What you need to do
Leaving the pictures aside, reproduce the data in full and word for word.

Information provided
■ ■ ■ ■ ■

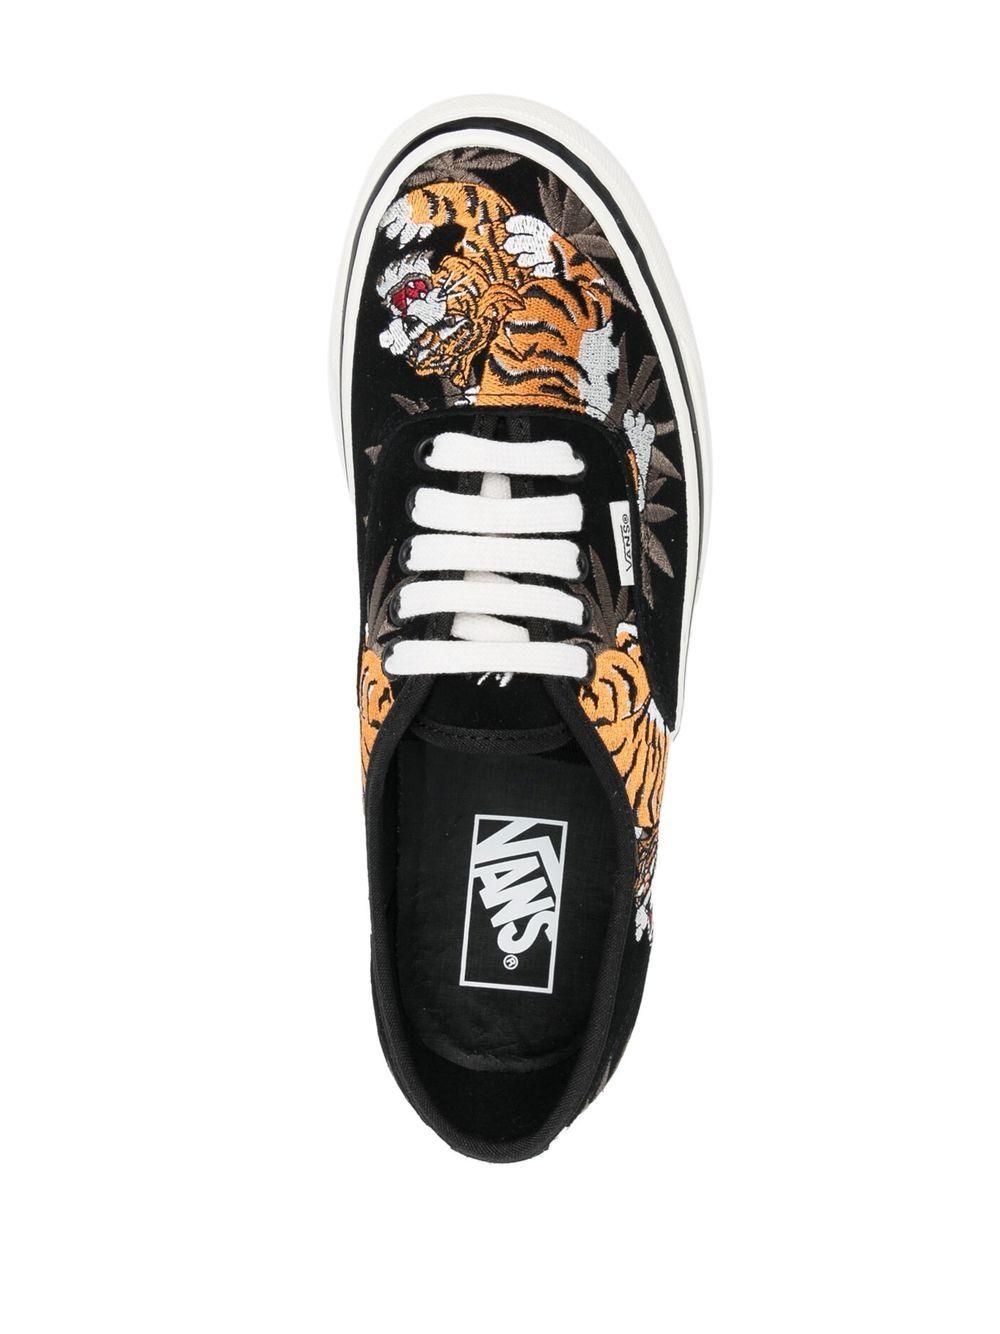 Vans Tiger-motif Embroidered Sneakers in Black for Men - Save 10% | Lyst
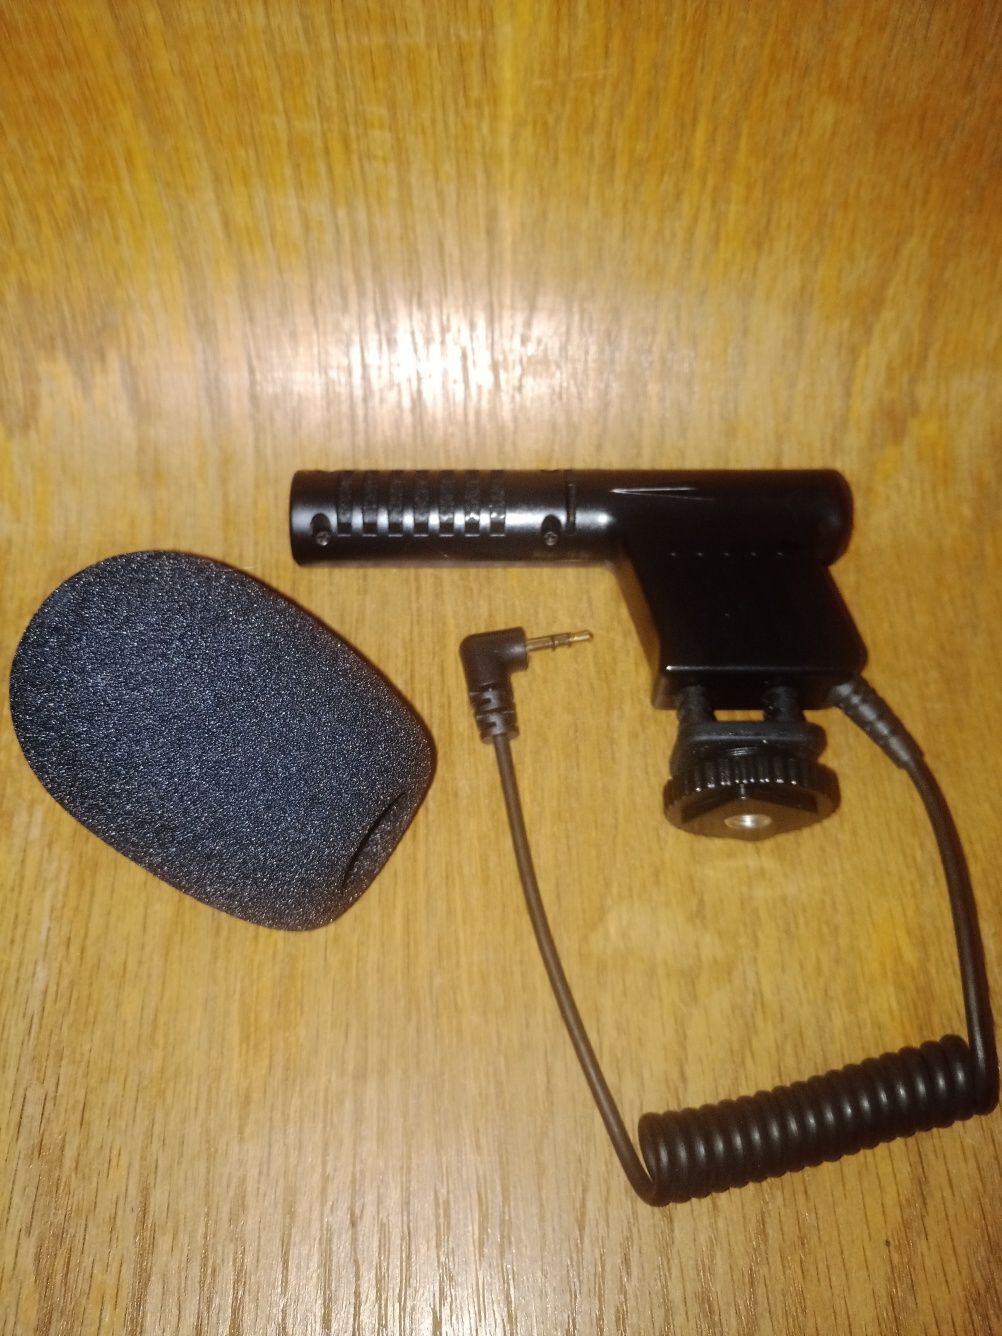 2x Mikrofon do smartfona kamery dyktafonu
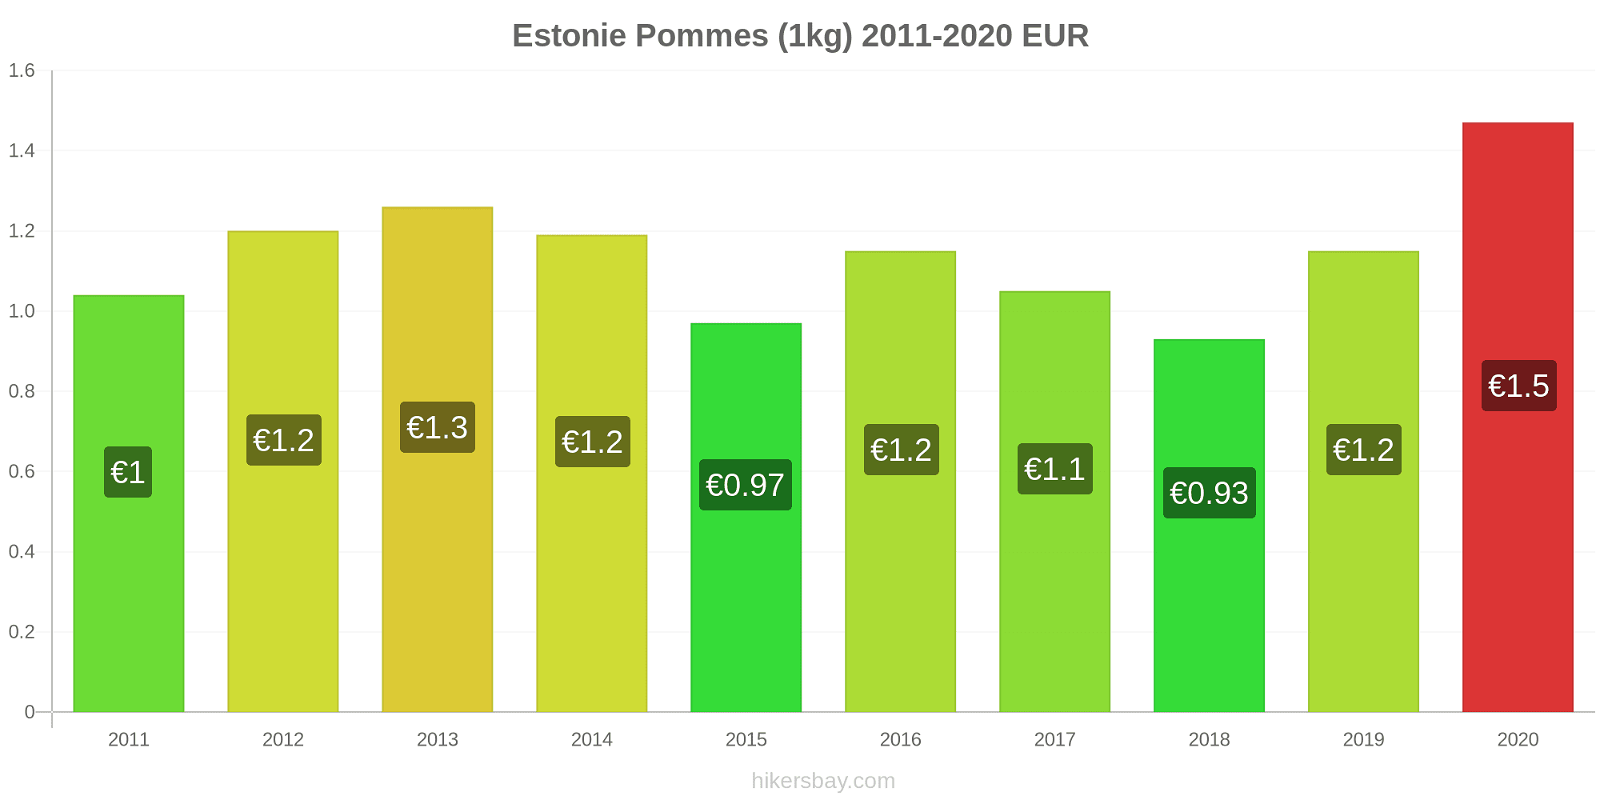 Estonie changements de prix Pommes (1kg) hikersbay.com

■ ■ ■ ■ ■

Result
 Vans Tiger-motif Embroidered Sneakers in Black for Men - Save 10% | Lyst
 2x Mikrofon do smartfona kamery dyktafonu
 Estonie changements de prix Pommes (1kg) hikersbay.com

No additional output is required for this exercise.